Two public forums on consolidation planned
NATCHEZ — City officials have worked with government experts from a Mississippi State University research program to host two public forums next month at the Natchez Convention Center aimed at educating both elected officials and citizens on the topic of consolidation.
The two forums will start at 5 p.m. on May 7 and May 21 at the convention center said Alderwoman Sarah Carter-Smith during Tuesday’s meeting with the Board of Aldermen.
“The purpose of this two-part series is to inform constituents of the primary elements and functions of municipal and county government, the services they provide, and the potential options addressing challenges facing the city,” Smith said. “We want unbiased professionals to educate citizens and facilitate a conversation based on factual information.”

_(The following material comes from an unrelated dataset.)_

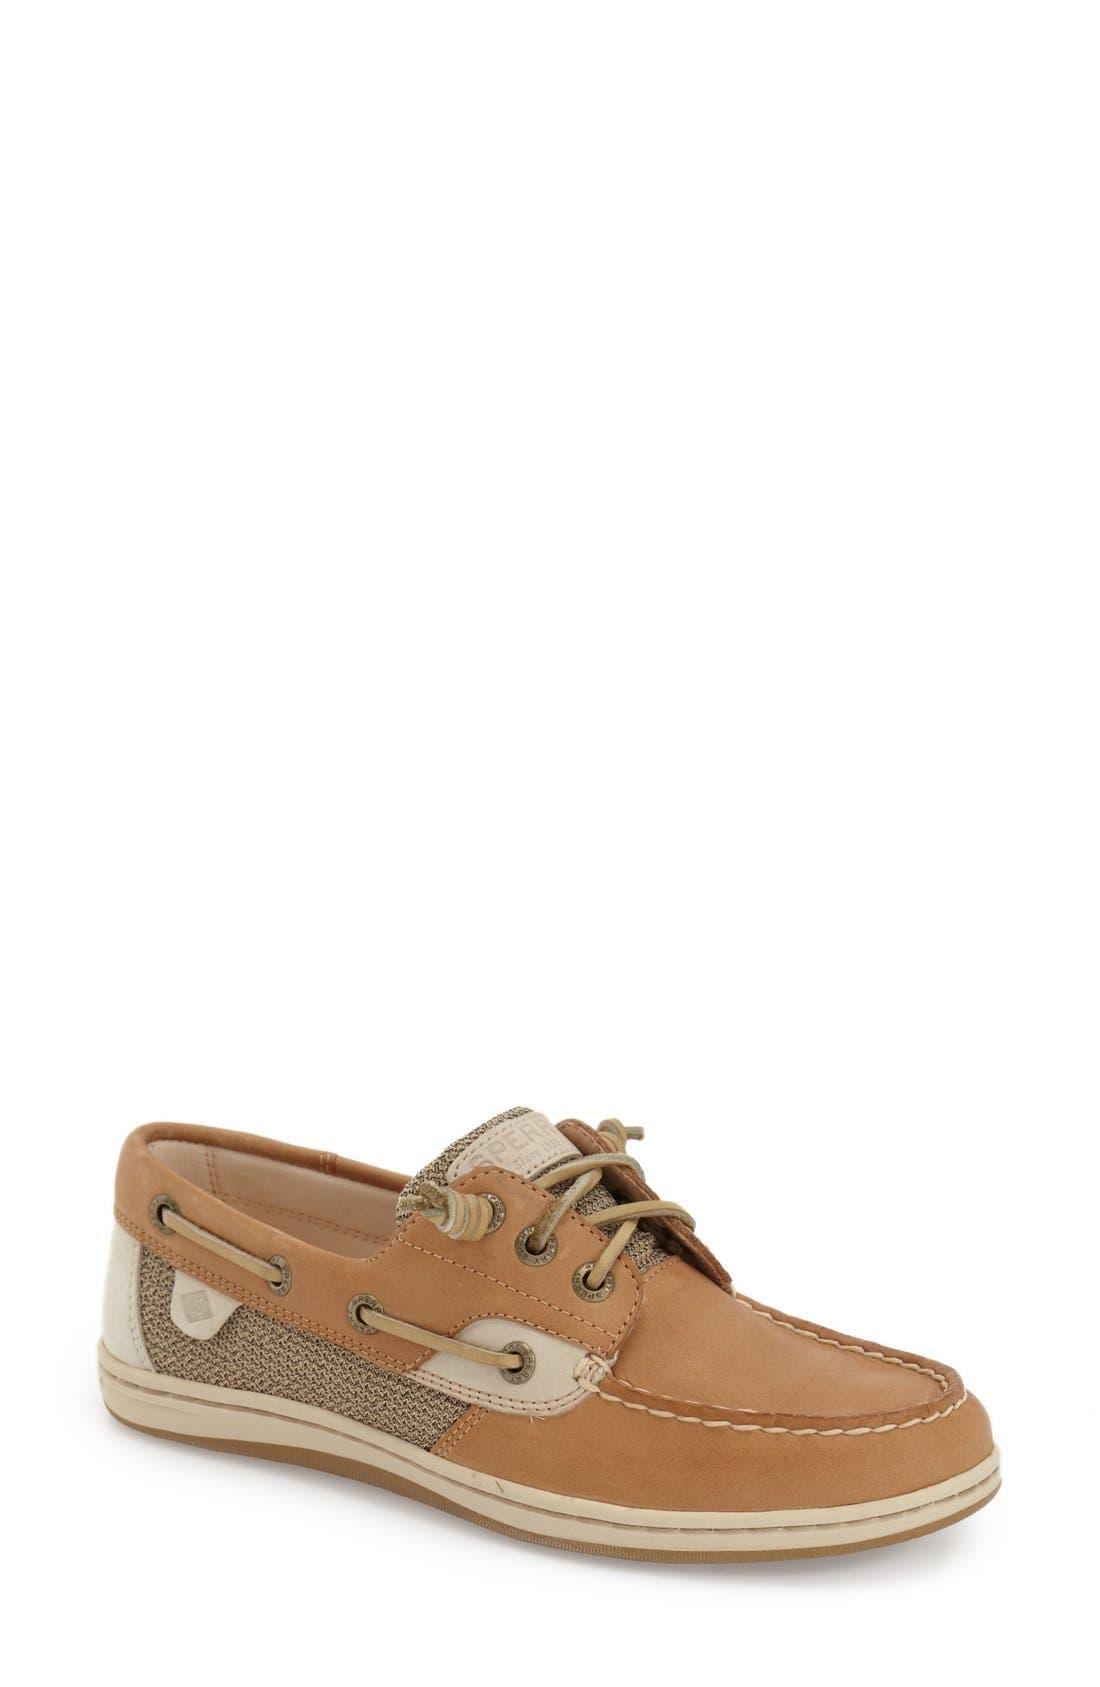 'Songfish' Boat Shoe,                         Main,                         color, LINEN/ OAT
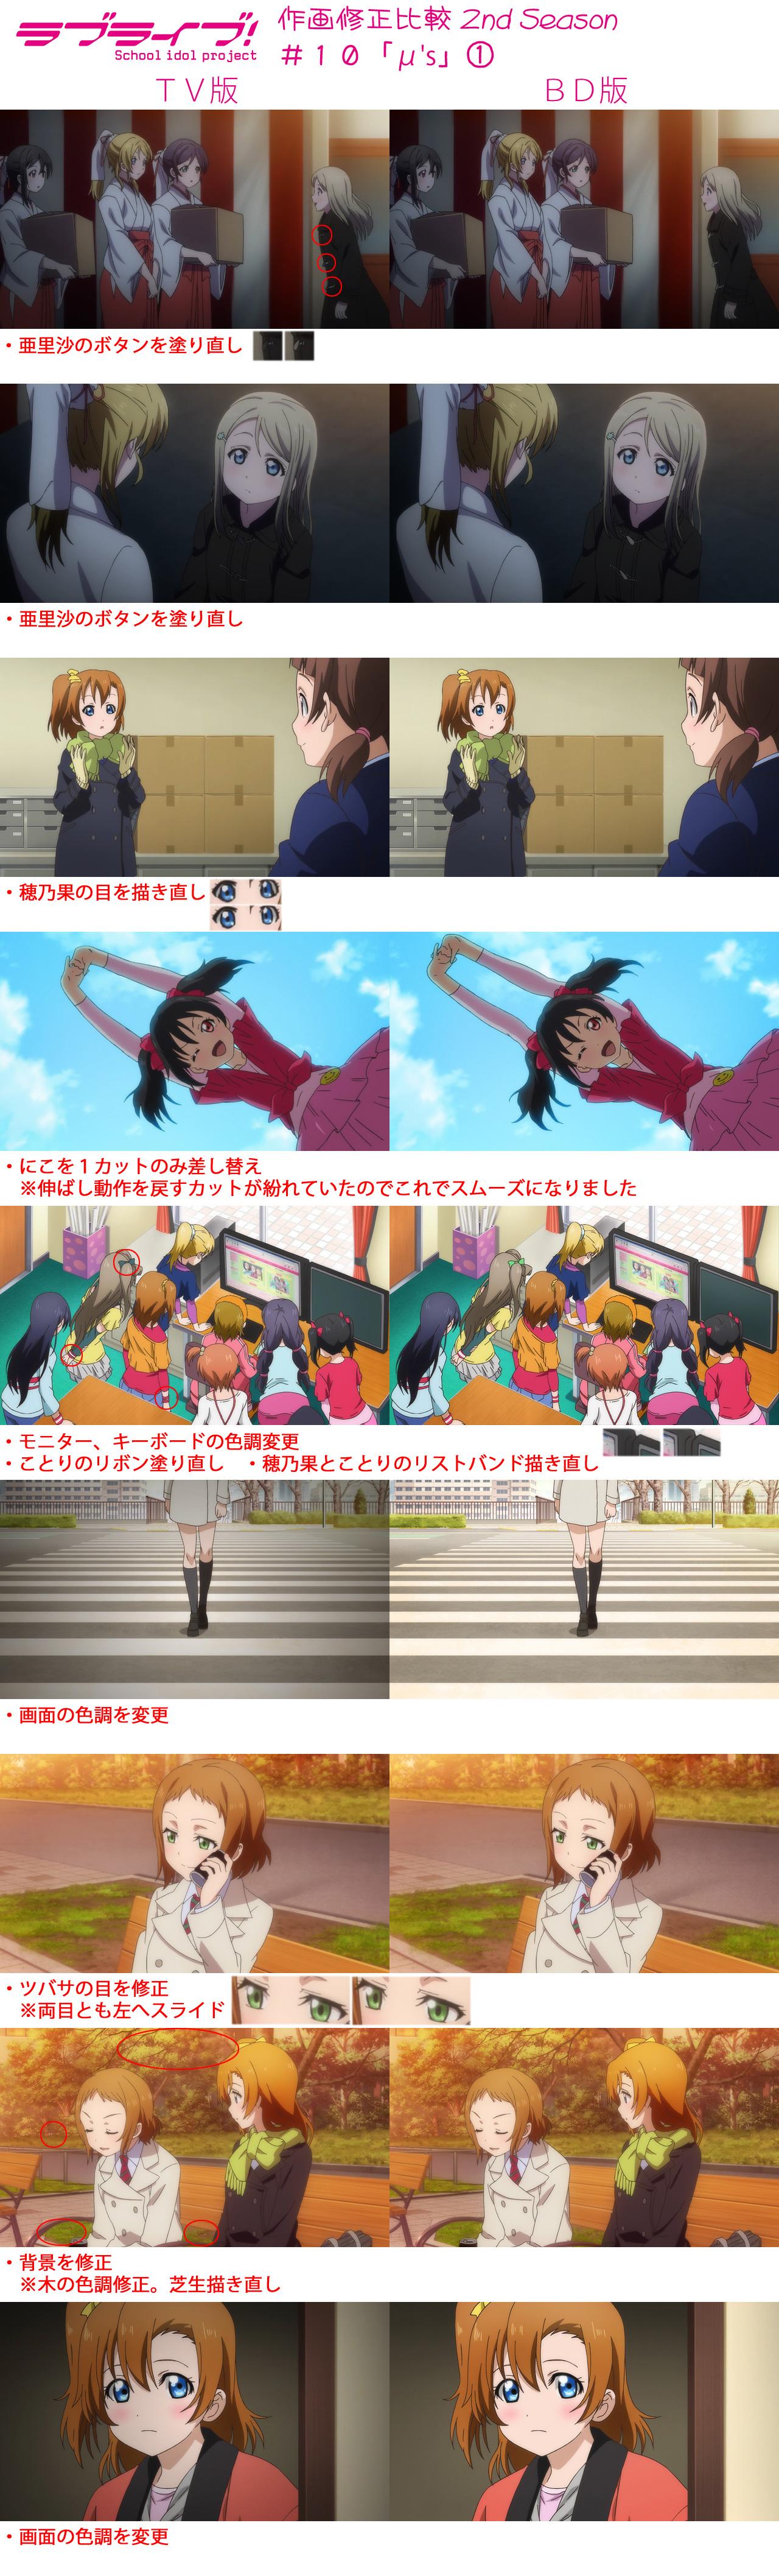 Love-Live!-School-Idol-Project_Haruhichan.com-Season-2-TV-Blu-Ray-Comparison-Episode-10-Part-1

The issue of consolidating city and county government services has come up many times over the past few decades, said Natchez Mayor Darryl Grennell, so much so that he decided to seek information from nearby experts on the topic.
“Before I became a county supervisor in 1997, every three or four years, the subject of consolidation has come up,” Grennell said. “When I became mayor, I said, ‘Why not let some experts come in to talk about what consolidated government is and what that entails?’ If, at that point, the citizens still feel it is necessary to proceed with that process, we could do so.”
Grennell said he contacted Dallas Breen executive director of the John C. Stennis Institute of Government two years ago and discussed hosting the educational forum in Natchez.
The institute, named for its founder and former Mississippi United States Sen. John C. Stennis has the mission to offer educational services and comprehensive studies to help municipalities thrive.
Last year, the city unanimously agreed to provide funding for travel expenses and accommodations for a group of experts from the institute to come to Natchez, Grennell said, which costs approximately $5,000.
Grennell said Natchez is by no means new to the idea of consolidating resources with the county; A few services that used to be offered by the city in the past have already been taken over by Adams County and vice versa, Grennell said.
“Years ago, the city had its own tax collection office. … We basically pay the county every year to collect city taxes. … We just recently, since I’ve been mayor, consolidated our 911 dispatch service. … We are the only city in the state of Mississippi that provides fire protection outside of the city limits. Right there is an example of consolidated services that does not exist anywhere else in the state.”
However, Grennell said more efforts to consolidate would cost local governments to hire individuals to do extensive research to find out whether a consolidated effort would be beneficial or harmful.
“It could be well over $100,000 to have a study done,” Grennell said, “and you don’t want to go into it without having the proper research done.”